We were wondering if anyone has any experience using Rasa NLU in Korean? Specifically, dealing with tokenization as this is a little bit more complicated than just whitespace tokenization.
Would be great if you could share your experiences
Me and my colleagues are currently dealing with that !
Please let me know if you need help
@asnal05님, 혹시 한국어 NLU 잘 동작하나요?
This is Nari Kim, and we plan to implement an application for
class project in Korean language.
Have you implemented a custom pipeline for Korean (형태소분석기, etc)?
Any information will be appreciated.
Yes we have implemented your own pipeline.
We have used Mecab for tokenization but it was not robust against OOV hence we’ve built another tokenizer which works better !
We have tried various pipelines for NLU.
First, we trained the basic CRF and StarSpace provided from RASA on the same dataset (i.e. nlu.md). But we have found that it maybe a better idea to use different sets of data for enttiy extraction (EE) and intent classification (IC). That was your second approach. We then found that train EE and IC JOINTLY could improve the accuracy and we obtained the “best” result among the three pipelines.

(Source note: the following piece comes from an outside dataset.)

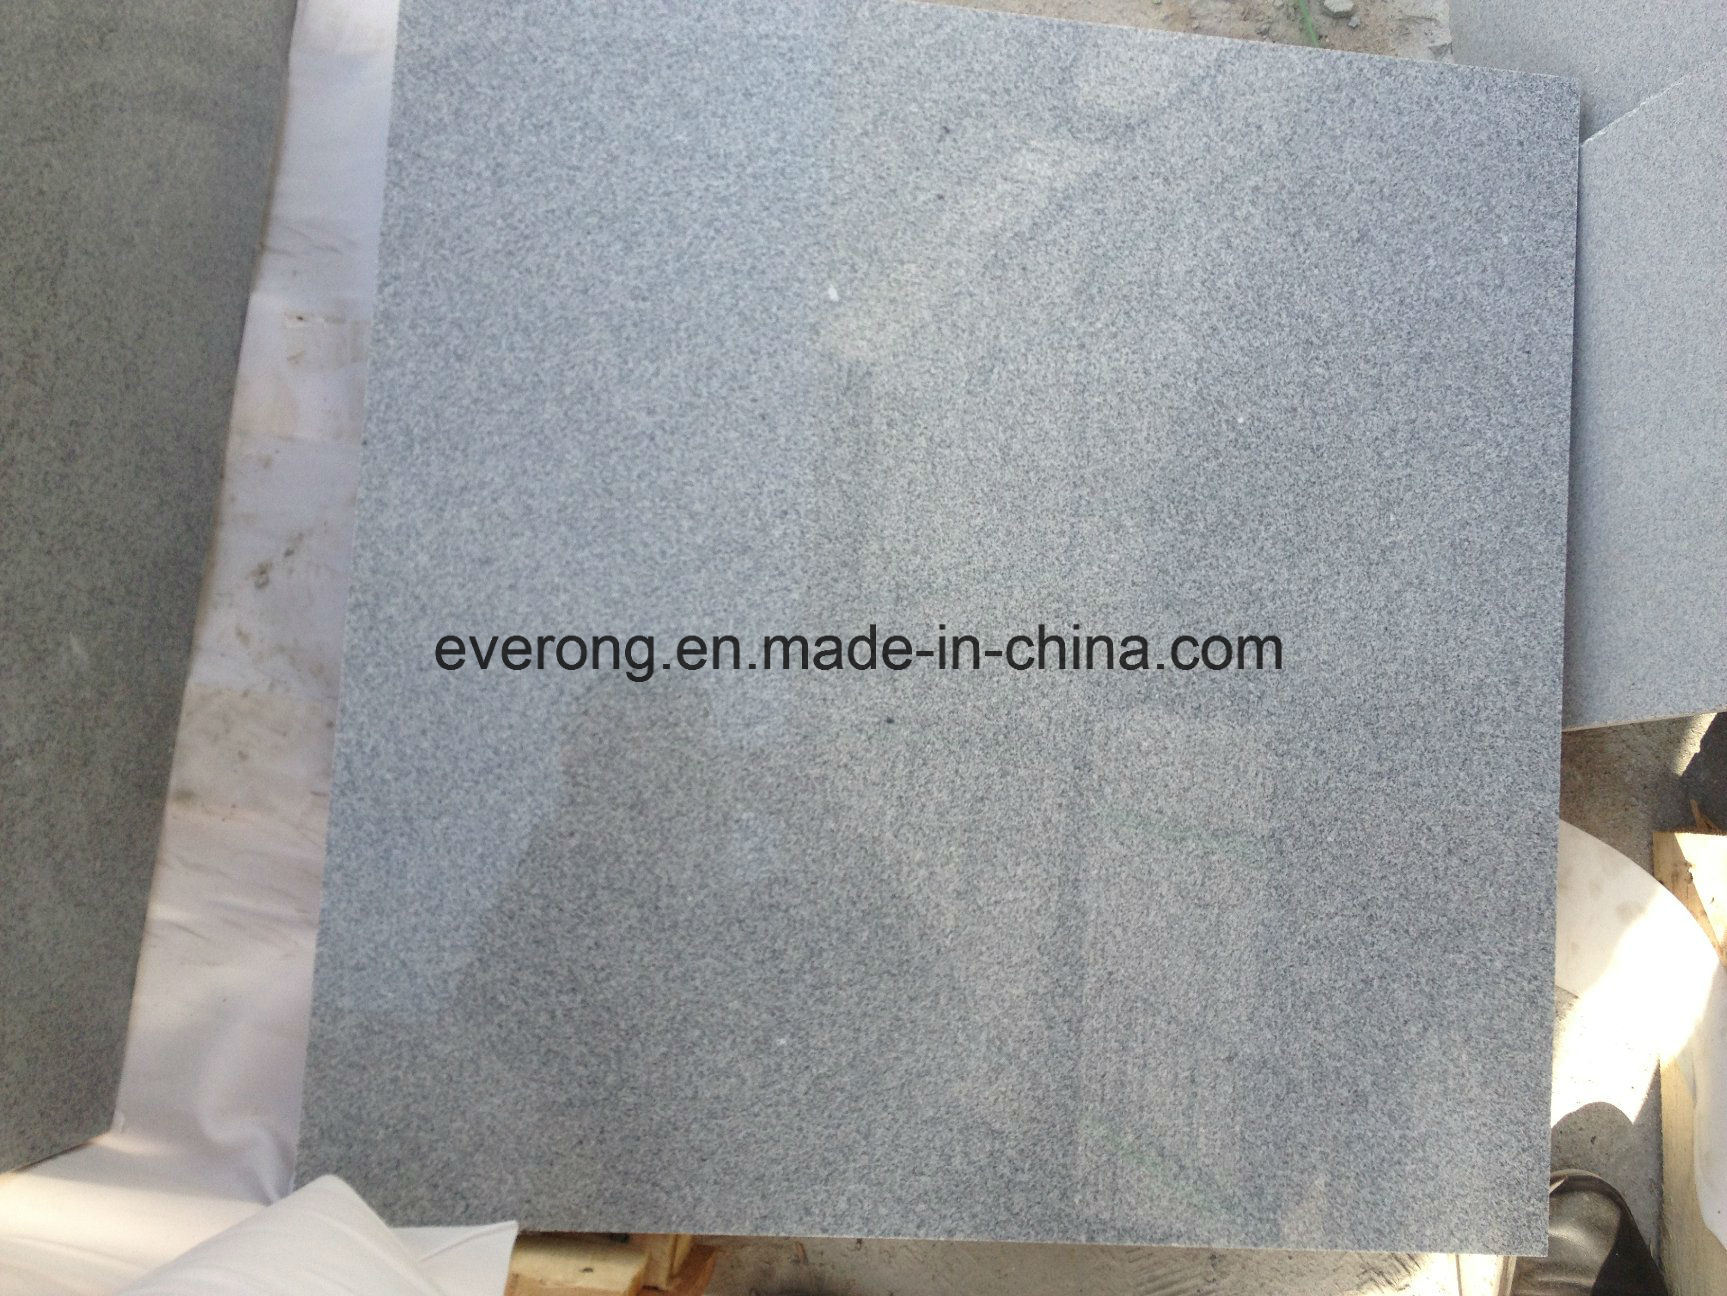 Padang Light G633 Granite Slab for Countertop and Floor Tile

@asnal05 Thank you very much for the info!
Did you share your code or any material online? It would be very helpful for us.
We would also be interested in seeing this if possible
Dear @akelad and @Nari
Sorry for the late reply !
Unfortunately I am not allowed to release the code by the policy of our company.
@asnal05 Oh, it was a company project! Understood. Thank you for the response.